Actually, I lie: I have done some drawing before this week but it was on my (new: woo!) iPad. This was initially great, and then I realised that the iPad allows me to delete things far too easily. As someone who struggles to get going artistically I do not need to be working with a device that allows me to abandon my work at the touch of a virtual button. At least if I do a rotten drawing in a sketchbook it is still there in a months time, proving that I at least made the effort (and often not as bad as I thought). So at the beginning of this week I returned to my sketchbook. For the first time in ages I had no reason to stay  away: no apointments, no friends to have coffee with, no books that needed reading, no excuses. To use pencil on paper has been enormously pleasurable after the slippery iPad screen. Even the HB pencil with a rubber on the end that I found laying on the table. And it turns out that I'm quite skilled with one, too. I'm sure I could become as accomplished on the iPad if I wanted to, but I think i'll stick with the lo-tech option for the time being.

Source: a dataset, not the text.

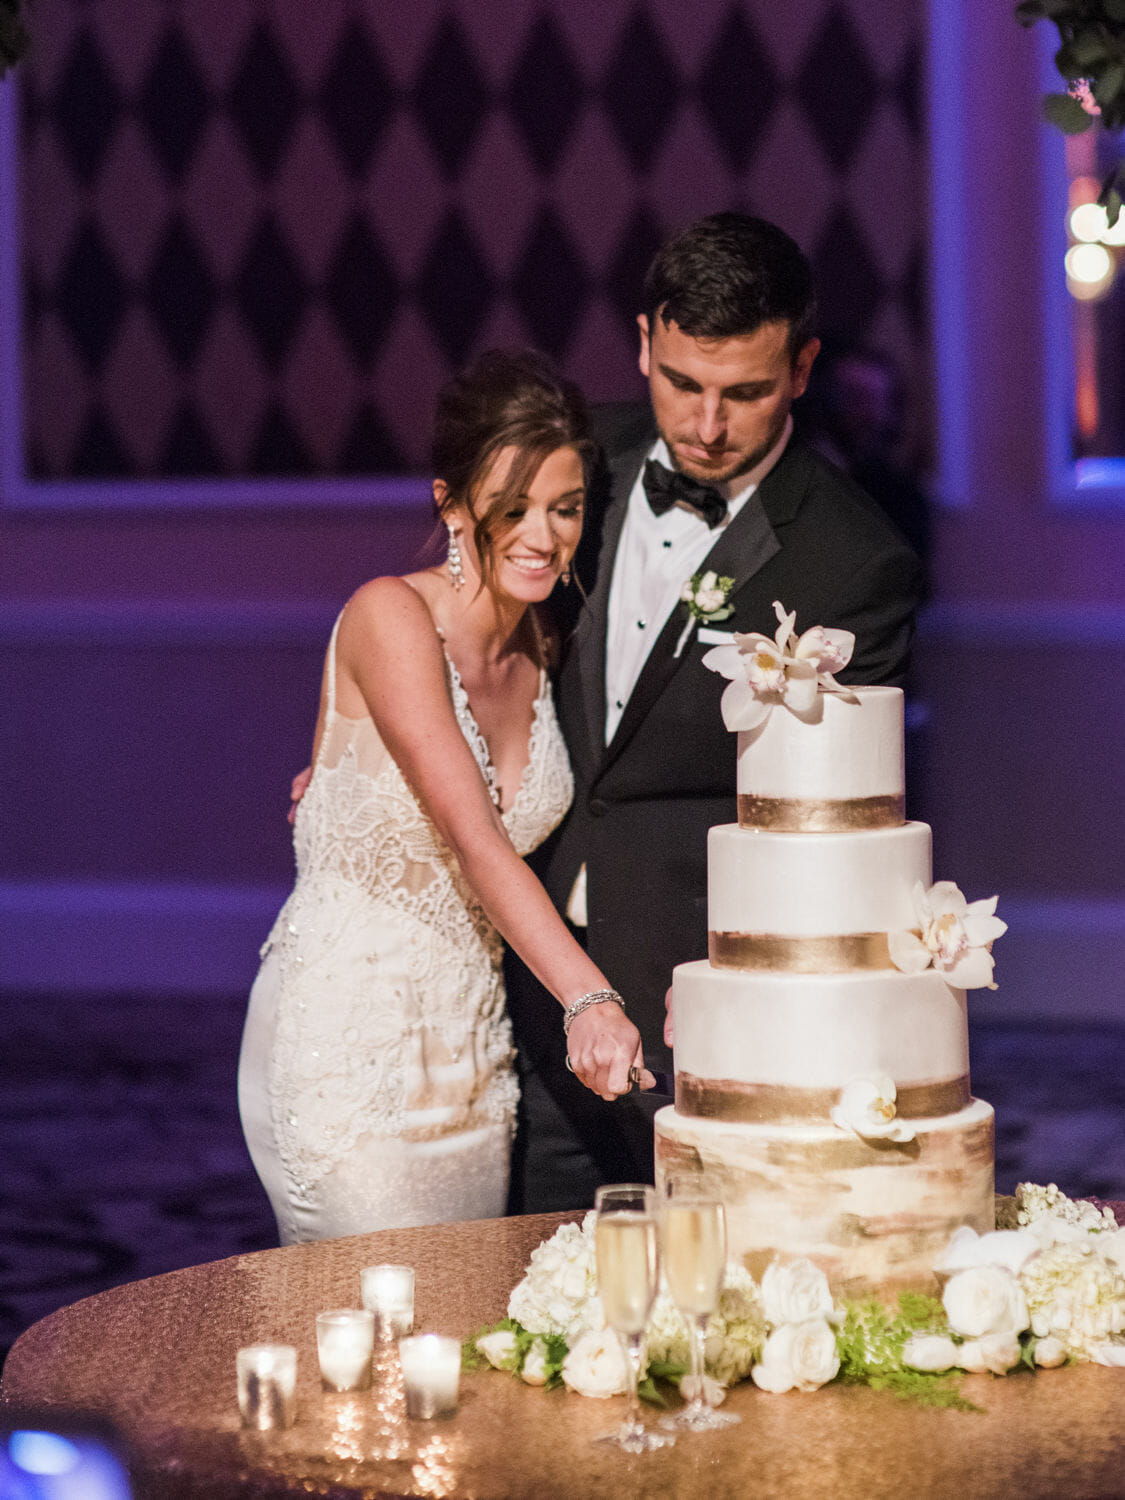 Jade Roper and Tanner Tolbert cutting their wedding cake at their reception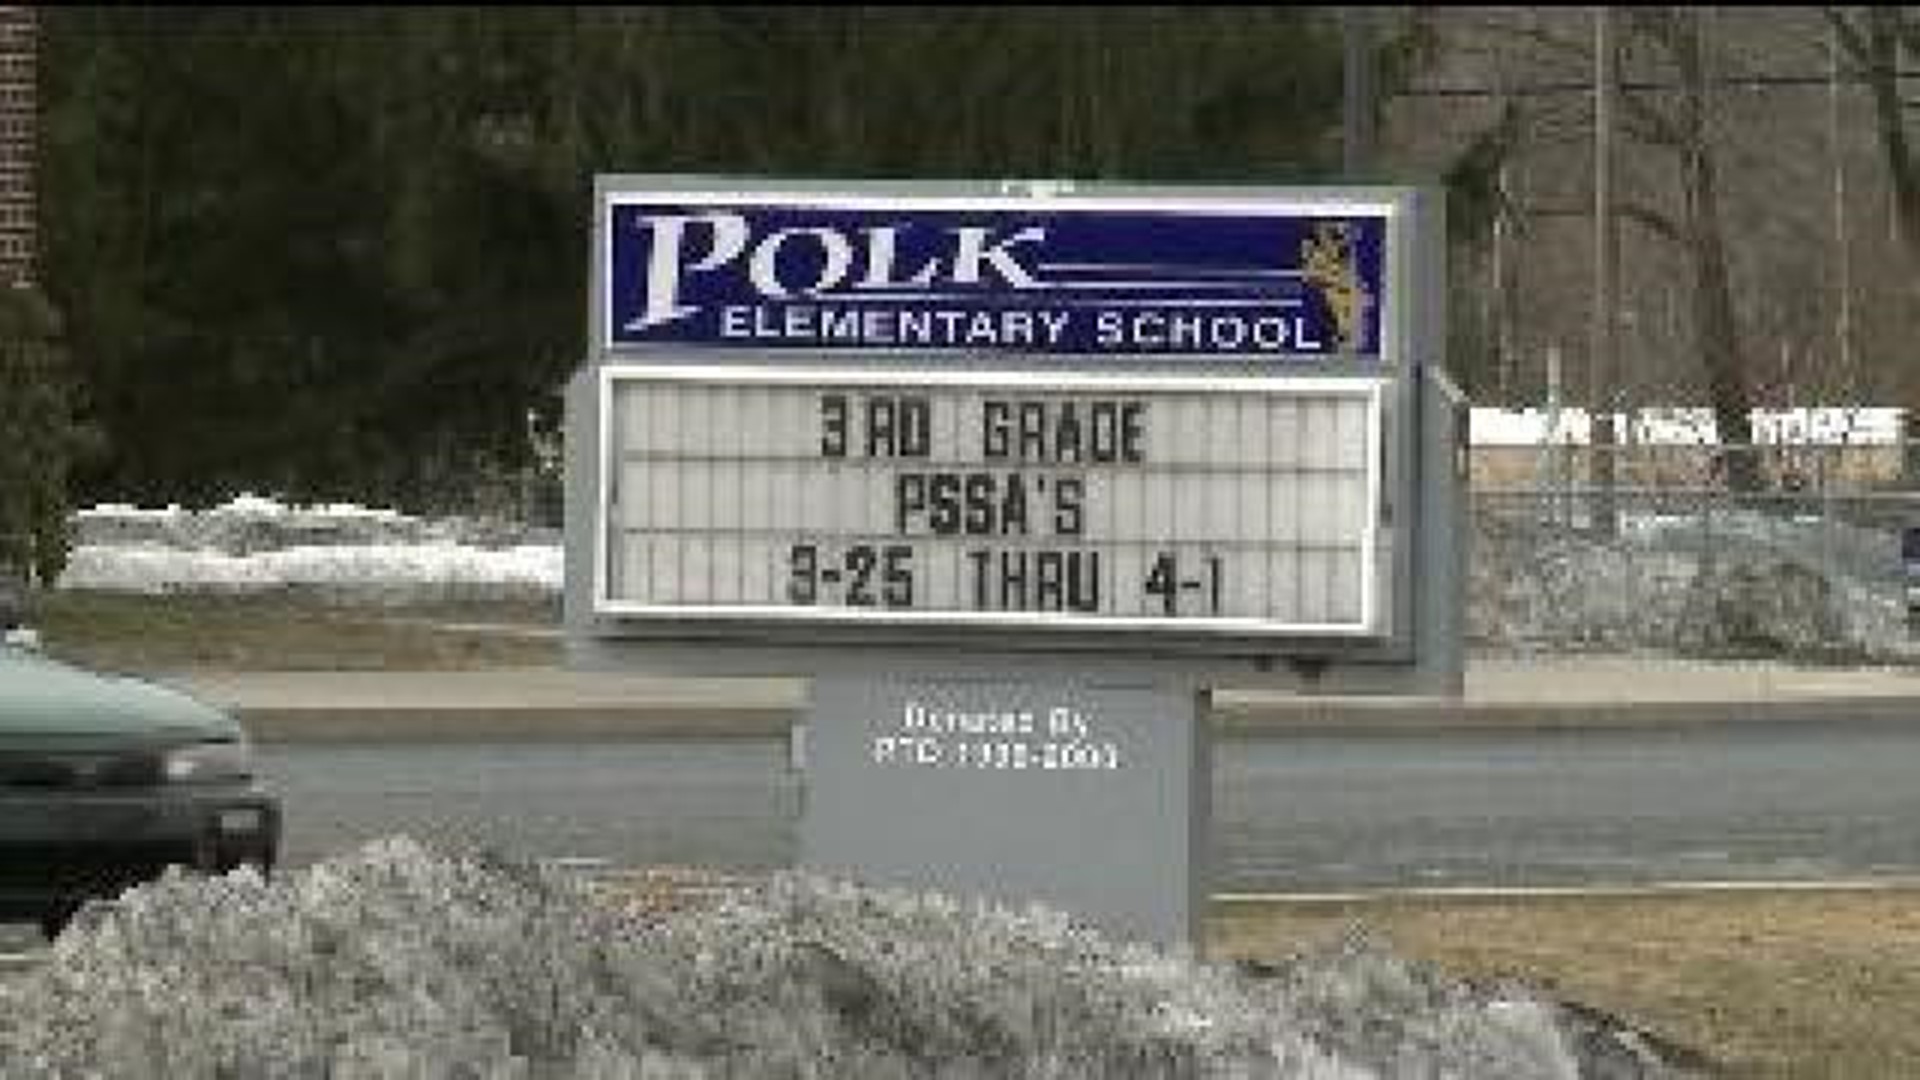 District To Close Elementary School

So, back to drawing (and blogging ) - good. Holidays coming up and therefore more time - even better. I'll leave you with today's drawing which actually I cleaned up using the iPad, so I haven't abandoned it as an artistic tool altogether. It needs a frame of some sort, but I haven't worked out how.


line drawing of a jug on a circular table with a plate of two figs
Jug and figs.





Sunday, May 6

How not to be an artist.

Starting something new is a battle that I forget about every time I've finished something. Flushed with the success of completion, I imagine just how easy it is going to be to make the next thing. A doddle! I've mentally finished before I even start.

And then it begins: the graft. Or in my case, the grumbling.

I've been trying to start a new painting since Thursday. First of all there was the impossibility of getting the right flowers. I phoned three flower shops, none of whom had anenomes. They've gone out of season apparently, even though there are some growing at work. I went all the way into town hoping that there'd be some flowers I liked up there. No. On the train on the way home I thought maybe I'd pick some lilac. There is a lot of lilac out of train windows at the moment. All the lilac I could find (in someone's garden so not strictly accessible) was going over, and not pink enough. I abandoned the lilac idea.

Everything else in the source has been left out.